What is Vectorize?
Vectorize is a fast, accurate, and production-ready AI platform that enables users to turn their unstructured data into perfectly optimized vector search indexes, purpose-built for retrieval augmented generation.
Features of Vectorize
- Import data from anywhere in your organization using out-of-the-box connectors to popular knowledge repositories, collaboration platforms, CRMs, and more
- Automatically create and update vector indexes in your favorite vector database
- Leverage the collective knowledge from content management, file systems, CRMs, collaboration tools, and more to create productivity-enhancing copilots and innovative customer experiences
- Use Vectorize's recommendation or choose your own chunking and embedding strategies in parallel, quantifying the results of each
How to use Vectorize
- Import: Upload documents or connect to external knowledge management systems, and let Vectorize extract natural language that can be used by your Large Language Model (LLM).
- Evaluate: Vectorize will analyze multiple chunking and embedding strategies in parallel, quantifying the results of each.
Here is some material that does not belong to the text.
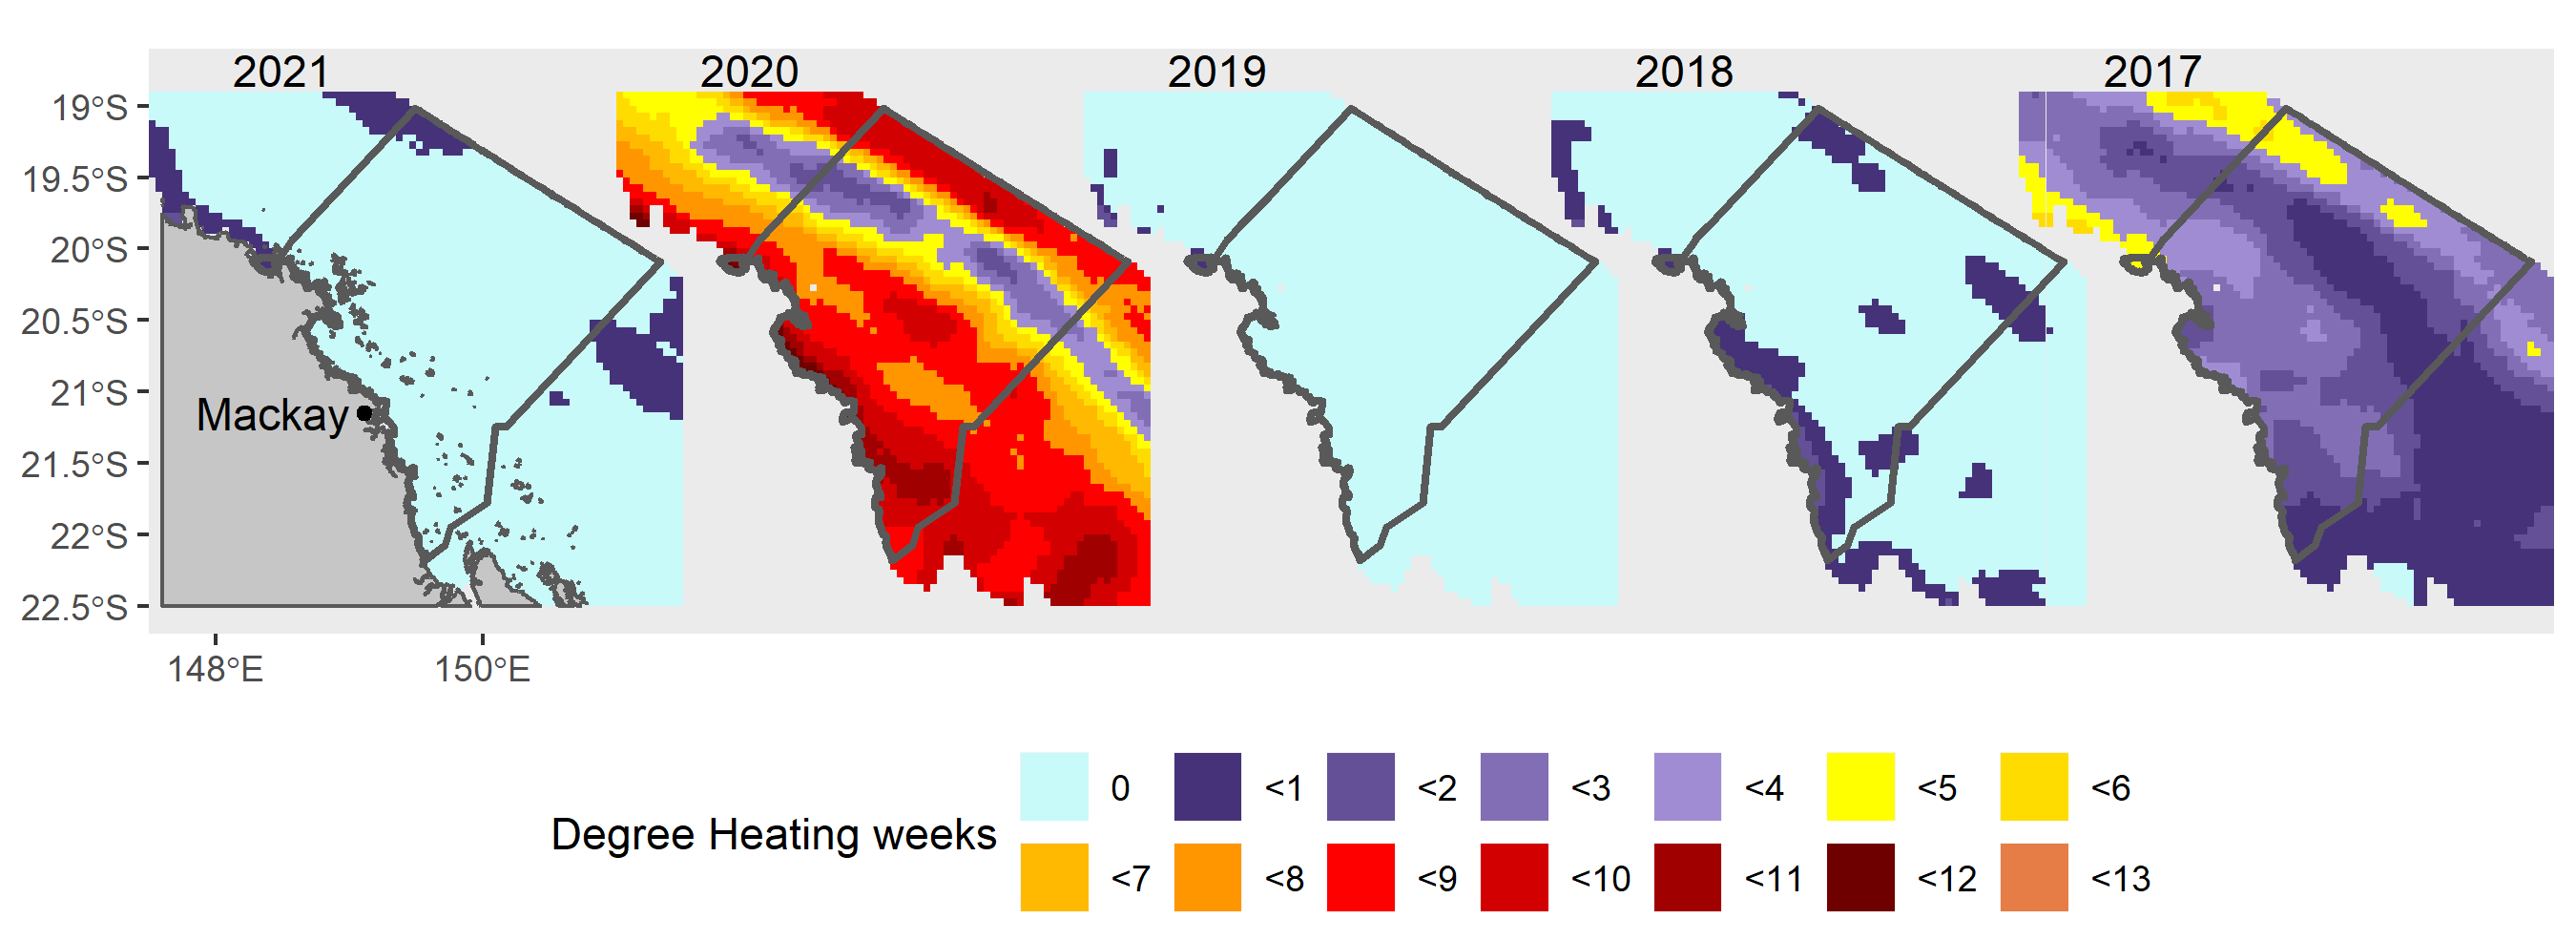 Degree Heating Weeks in the MWI region over a five year period

Use our recommendation or choose your own.
- Deploy: Turn your selected vector configuration into a real-time vector pipeline, automatically updated when changes occur to ensure always-accurate search results.
Pricing
Vectorize offers a free trial, and users can schedule a demo to learn more about the pricing plans.
Helpful Tips
- Use Vectorize to create generative AI applications to power your customer experiences in hours, not weeks.
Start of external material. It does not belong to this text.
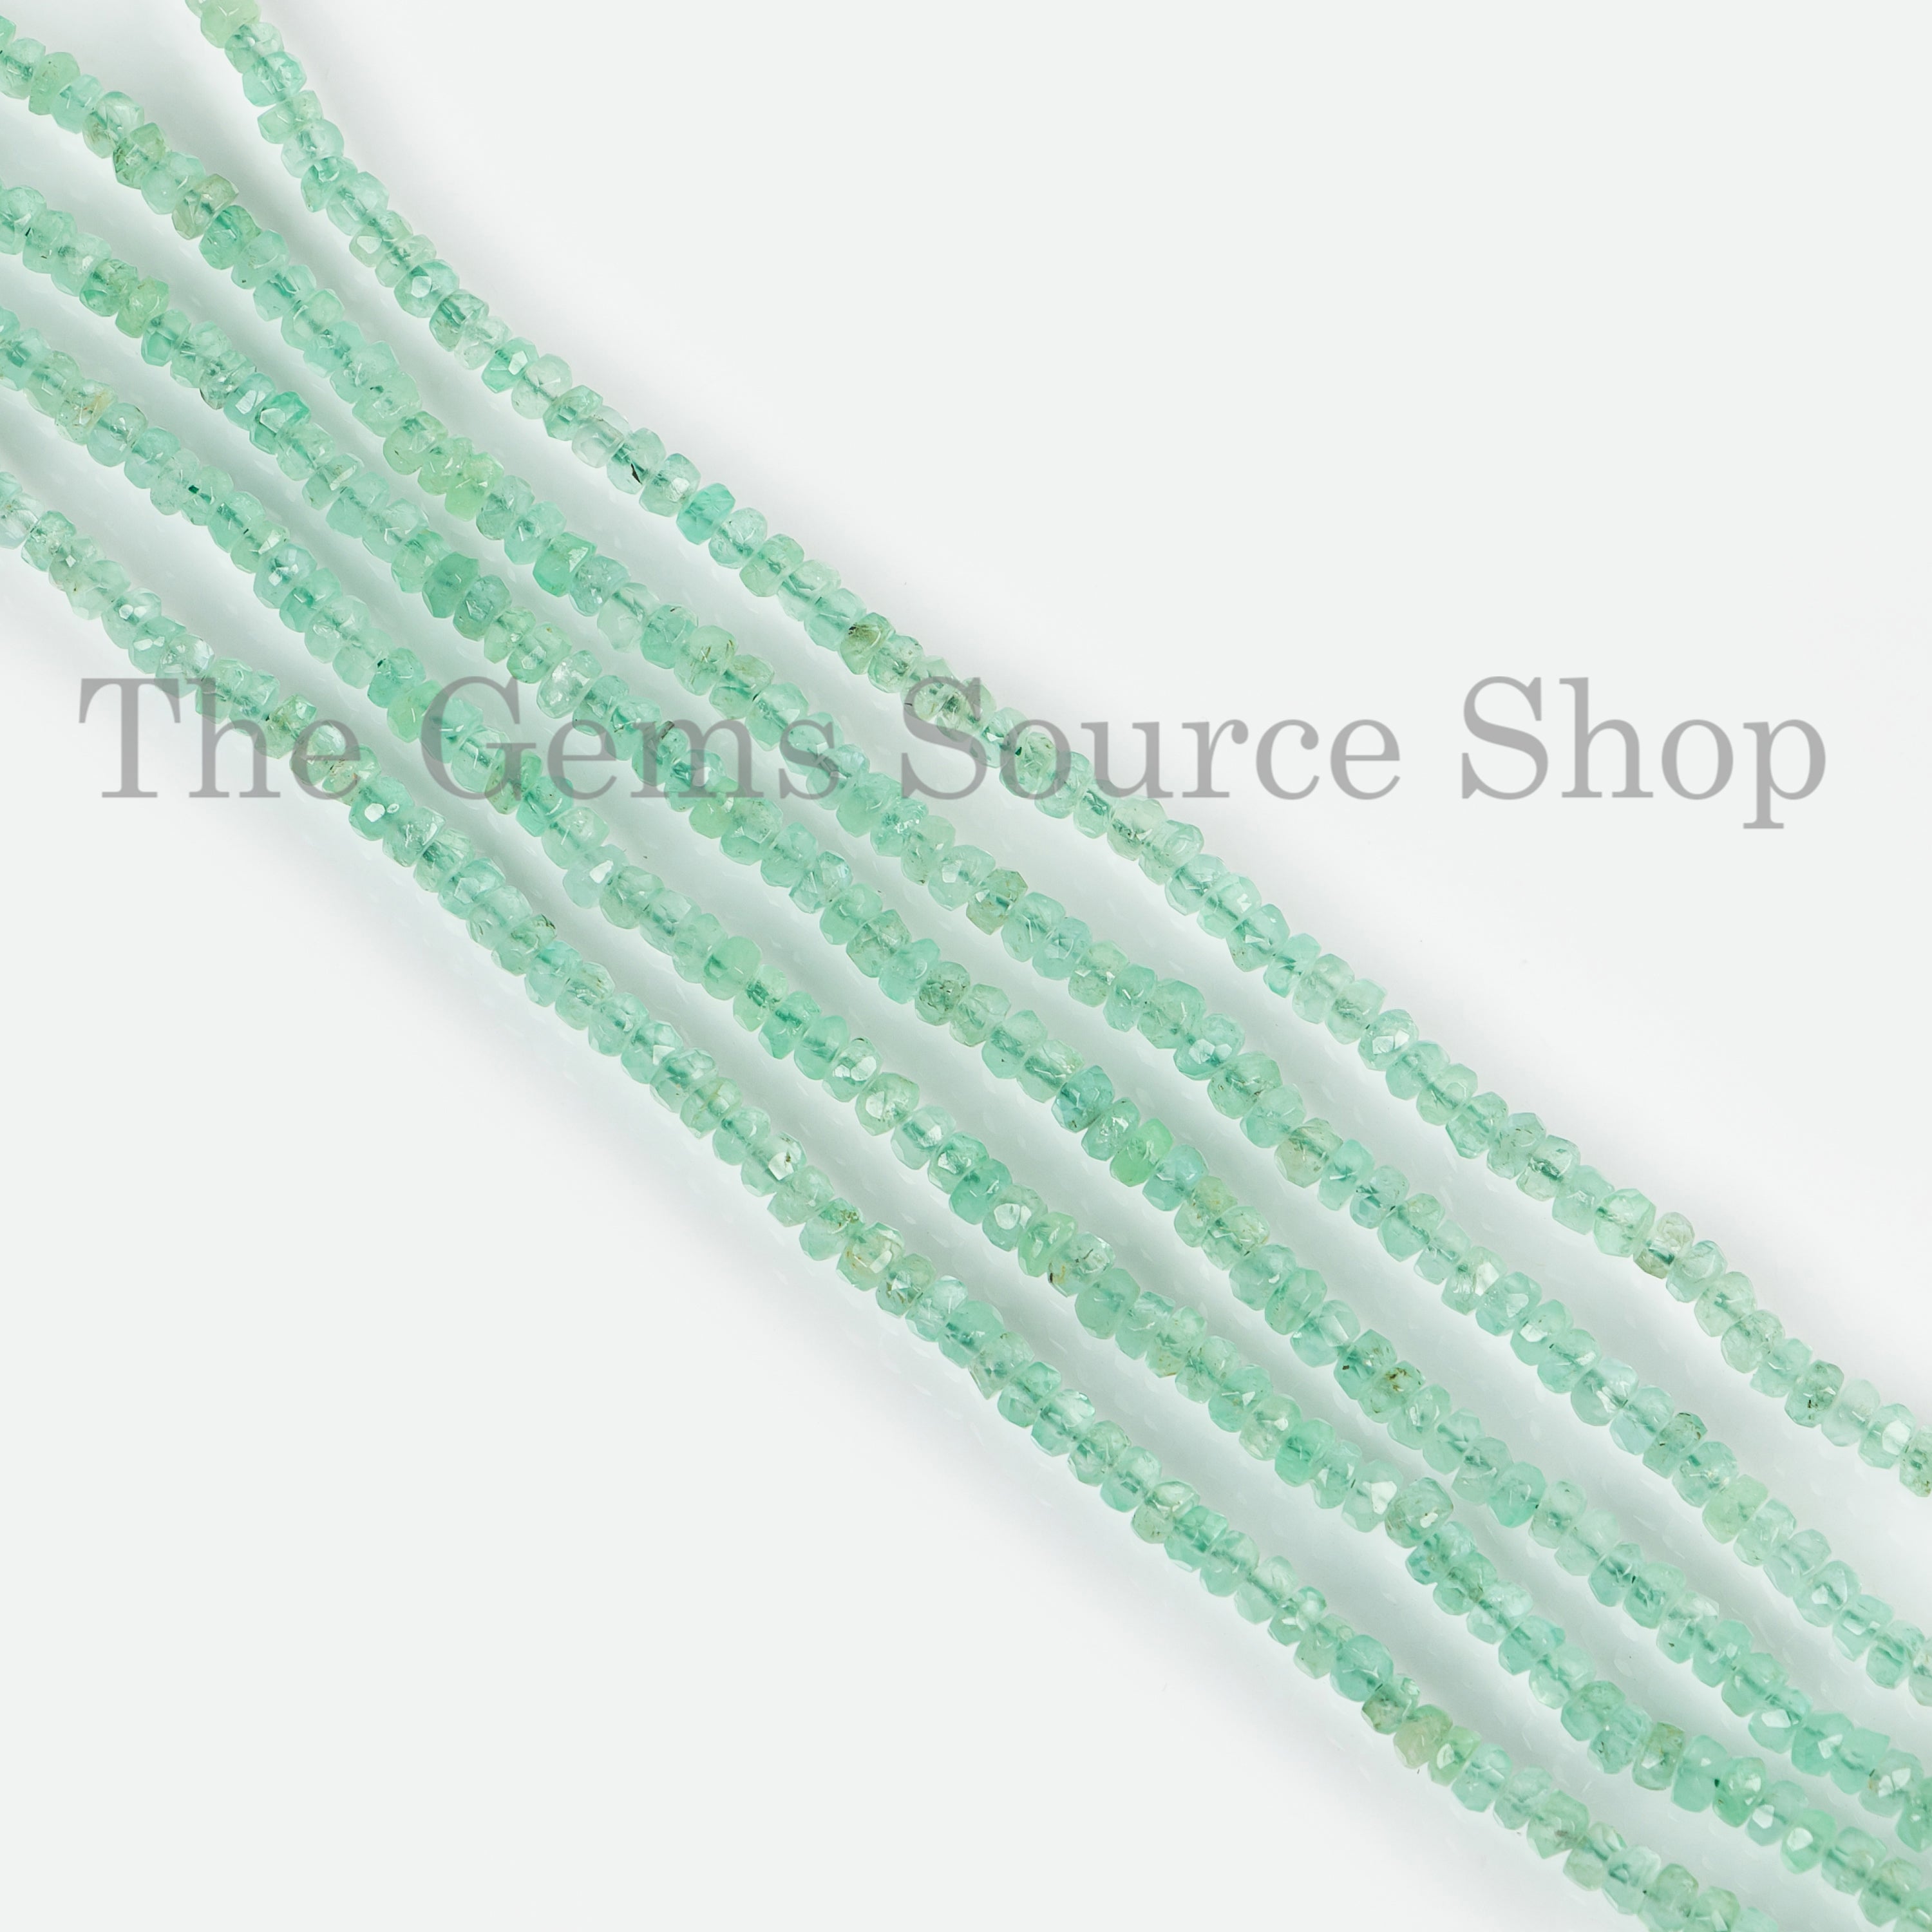 2.5-3 mm Emerald Faceted Rondelle Wholesale Loose Gemstone Beads, TGS-4497

- Leverage the power of Large Language Models on your data in 3 easy steps.
- Stay up-to-date on the latest trends, tips, and insights in the gen AI world to empower your business growth and increase productivity.
Frequently Asked Questions
- What is Retrieval Augmented Generation (RAG)? Retrieval Augmented Generation (RAG) is a technology that enables users to turn their unstructured data into perfectly optimized vector search indexes, purpose-built for retrieval augmented generation.
- How do I build a better RAG pipeline? To build a better RAG pipeline, users can follow the three easy steps: Import, Evaluate, and Deploy.
- What is Prompt Engineering? Prompt Engineering is a technique used to optimize the input prompts to Large Language Models to improve the accuracy and relevance of the output.